Okay. So here's what I'm going to do. I'm going to just try to develop something very simple here. I've got an empty directory. I'm going to try and make a little homepage for my awesome container use project. And I'm going to use clod. Cloud code. I'm going to try and use a bunch of them.

Hopefully I made something very clear. This is not a coding agent. It's environments that are portable that you can attach to any coding agent. That's the idea. So you like clod? Use clod. You like codecs? Use codecs. Et cetera, et cetera, et cetera. In an IDE. In the command line.

Whatever. And also in the cloud. Right? In CI. Lots of cool things you can do once you're async. So one of the reasons the team said don't do a demo is I'm actually terrible at using cloud. So I have an alias for remembering the flag to disable all permissions.

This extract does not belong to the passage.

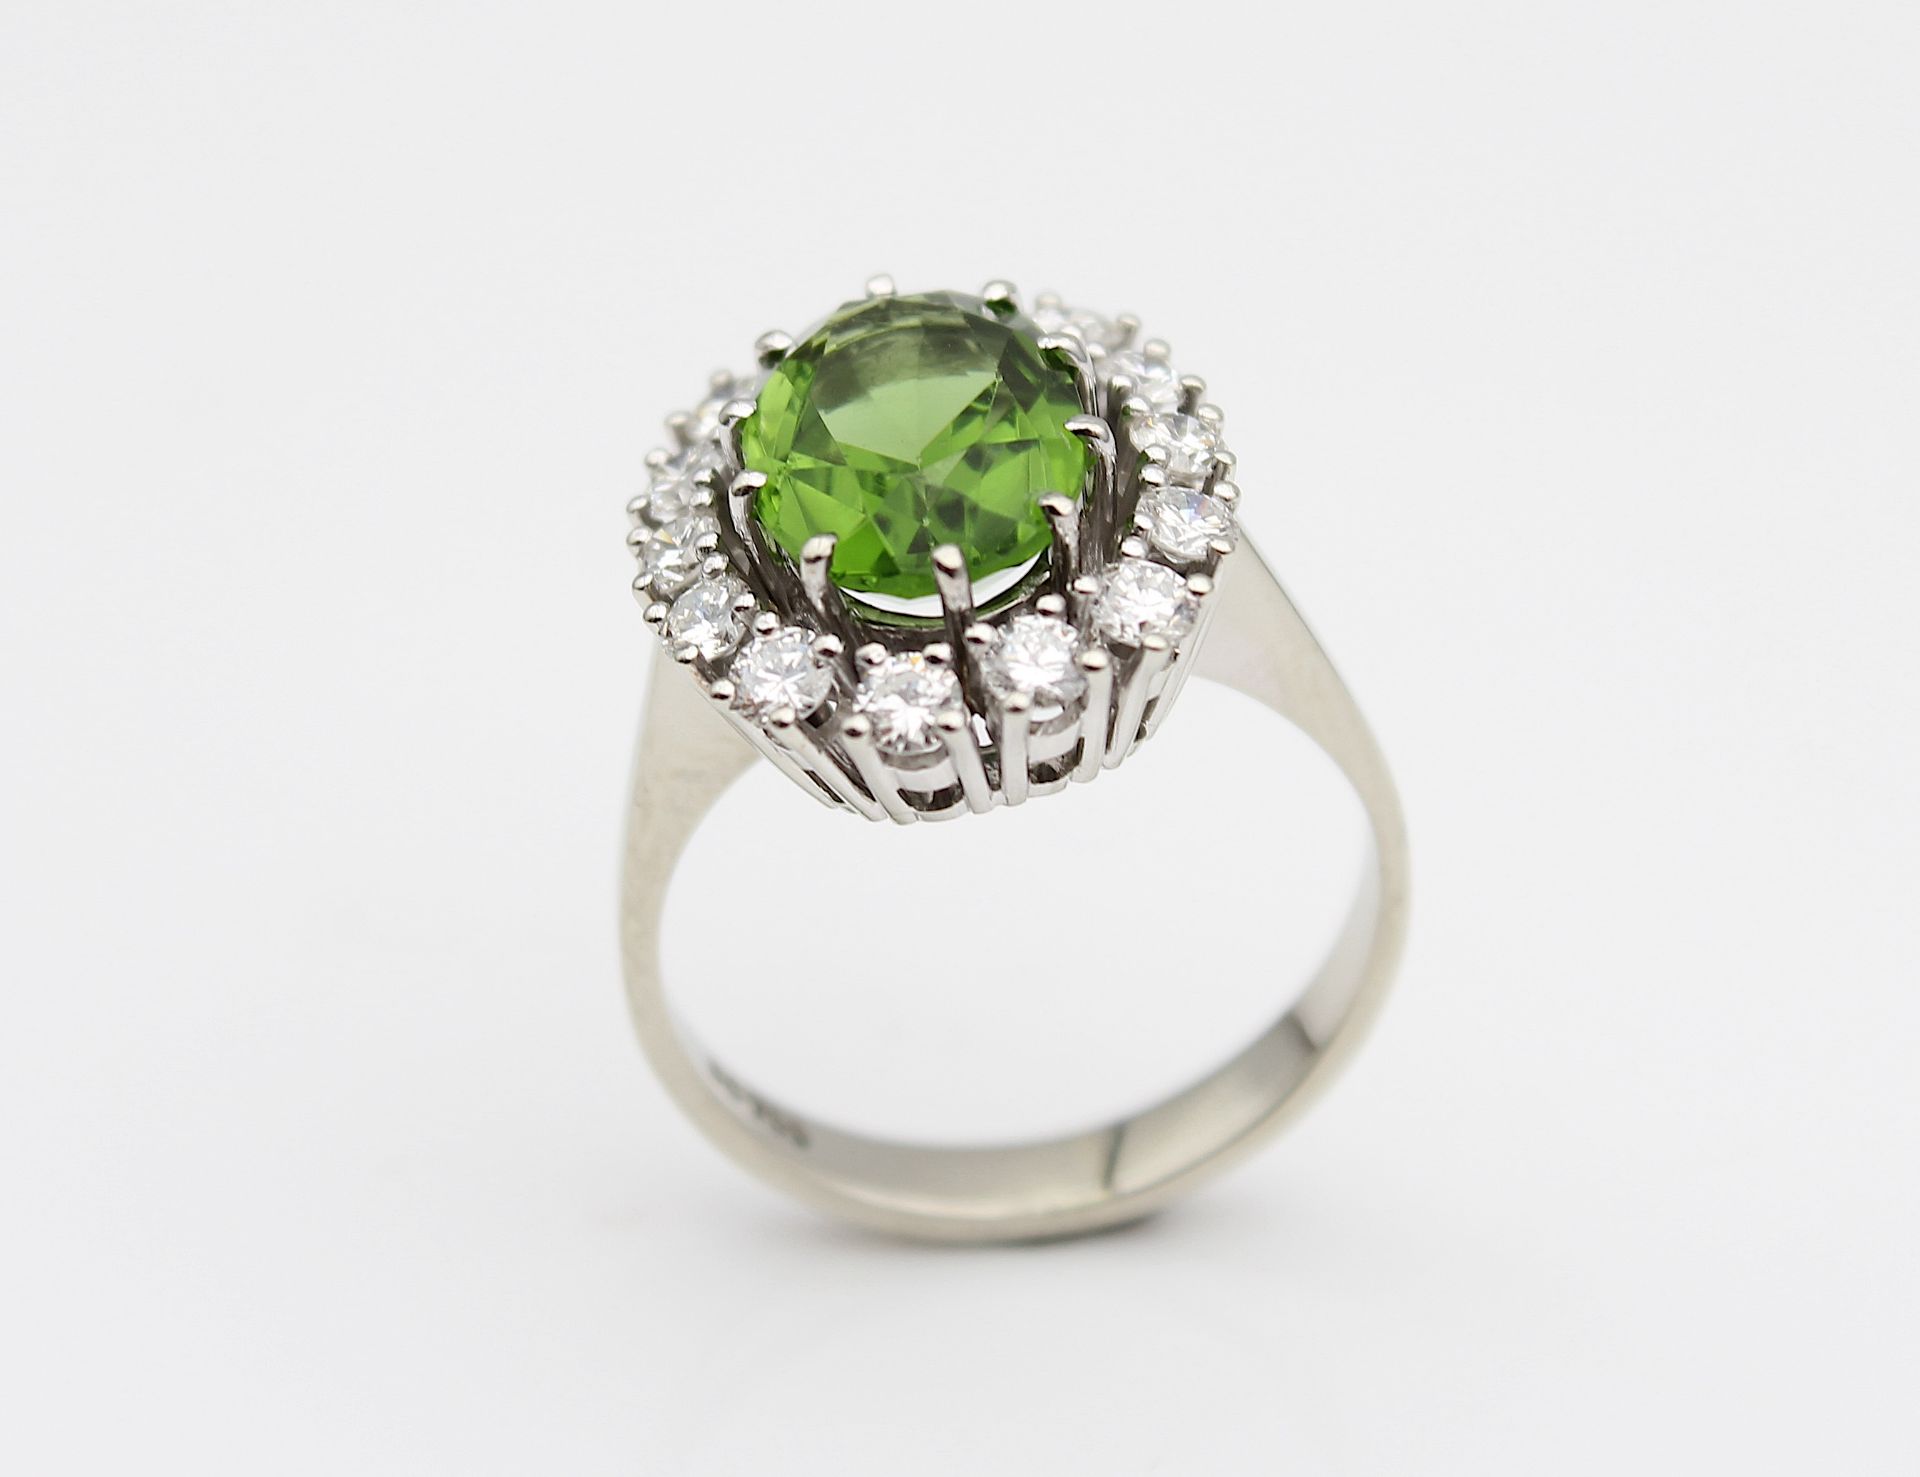 Jewel style ring with brilliants - Image 2 of 4

I can never remember it. And I have a prompt here. I'll read it to you in a minute. But it's basically make me a homepage. Make it a Go web app so I can know what's going on because I'm not a cool kid writing TypeScript. And run the app when you're done.

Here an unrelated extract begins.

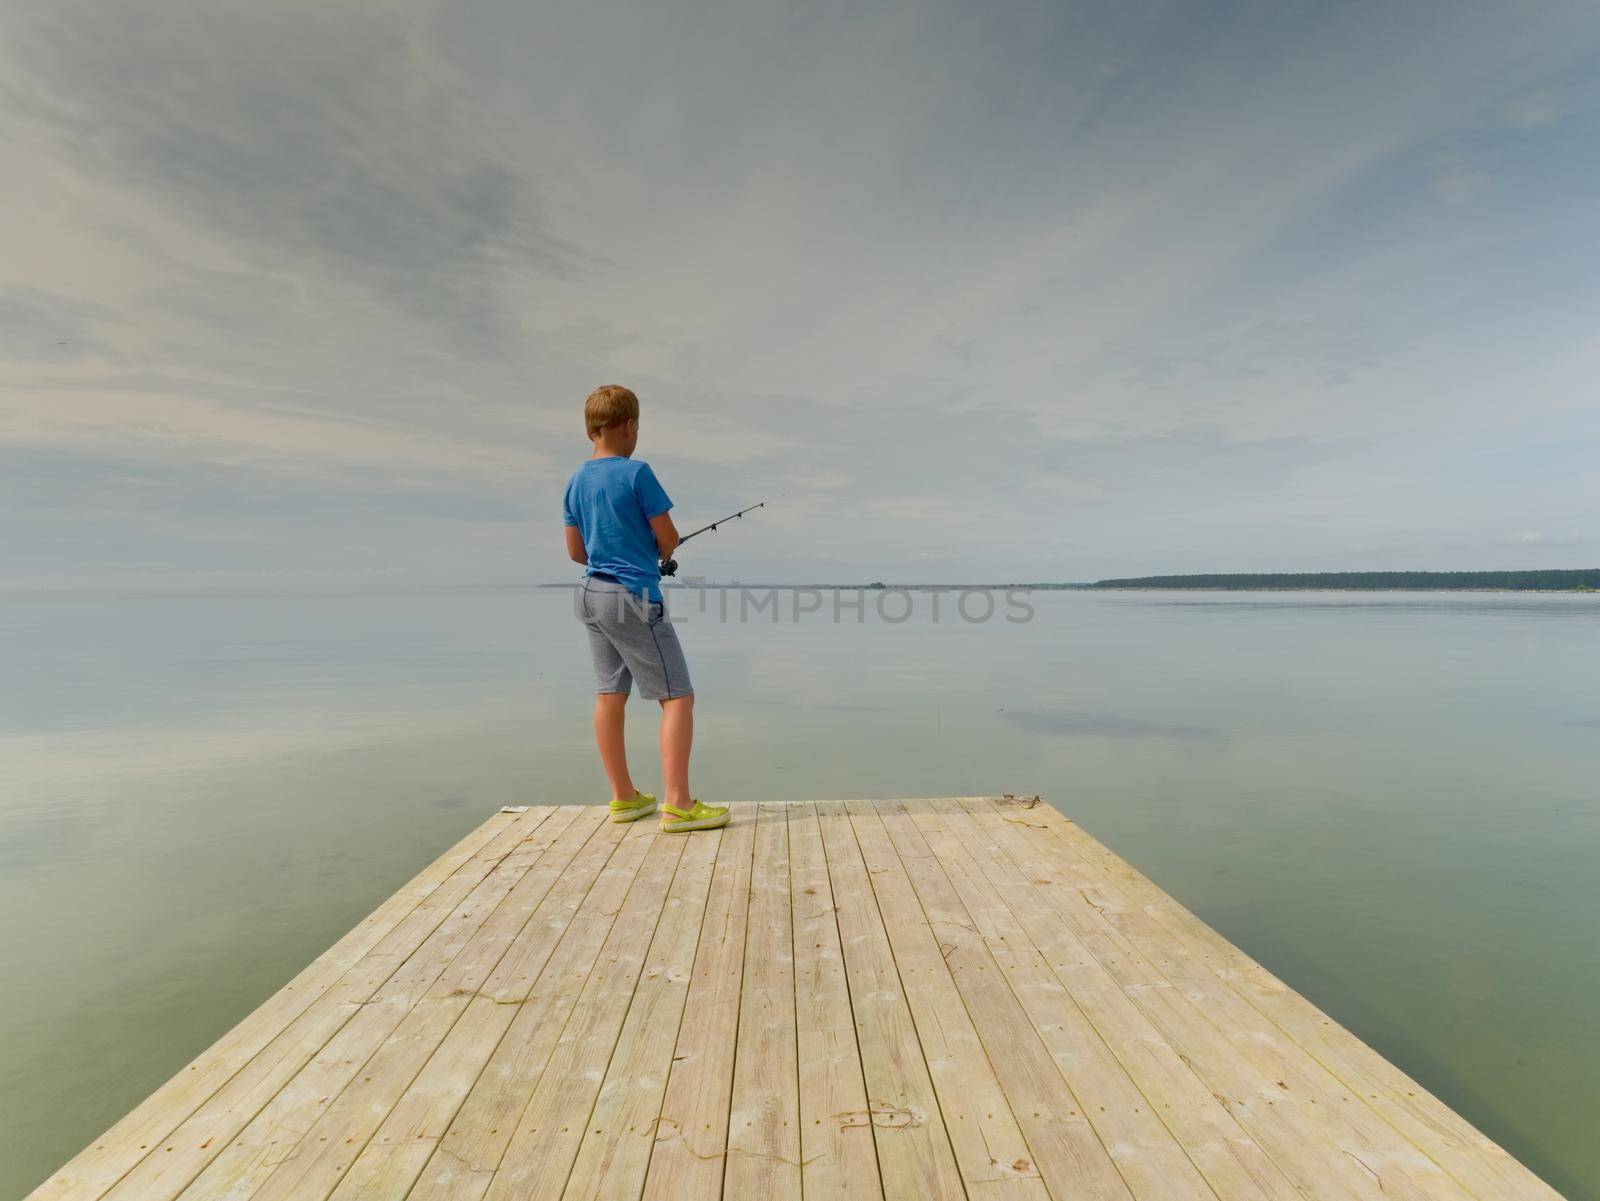 Small blond hair boy is fishing at the end of wooden mole. Smooth water level in bay by rdonar2

So while this runs, while this maybe runs, hopefully. Okay. Okay, cool. So what's happening here is I configured cloud code to use, you know, with container use. To use containers, literally. Yeah, MCP. So it was an MCP integration. There are other integrations that we're working on. But MCP is the obvious place to start.

And so now it has, you know, all its usual tools. This is vanilla cloud code. But now it can create an environment for itself. And now it's editing files in that environment, like a little sandbox. And it can also run commands to build it and test it and, of course, run it in ephemeral containers.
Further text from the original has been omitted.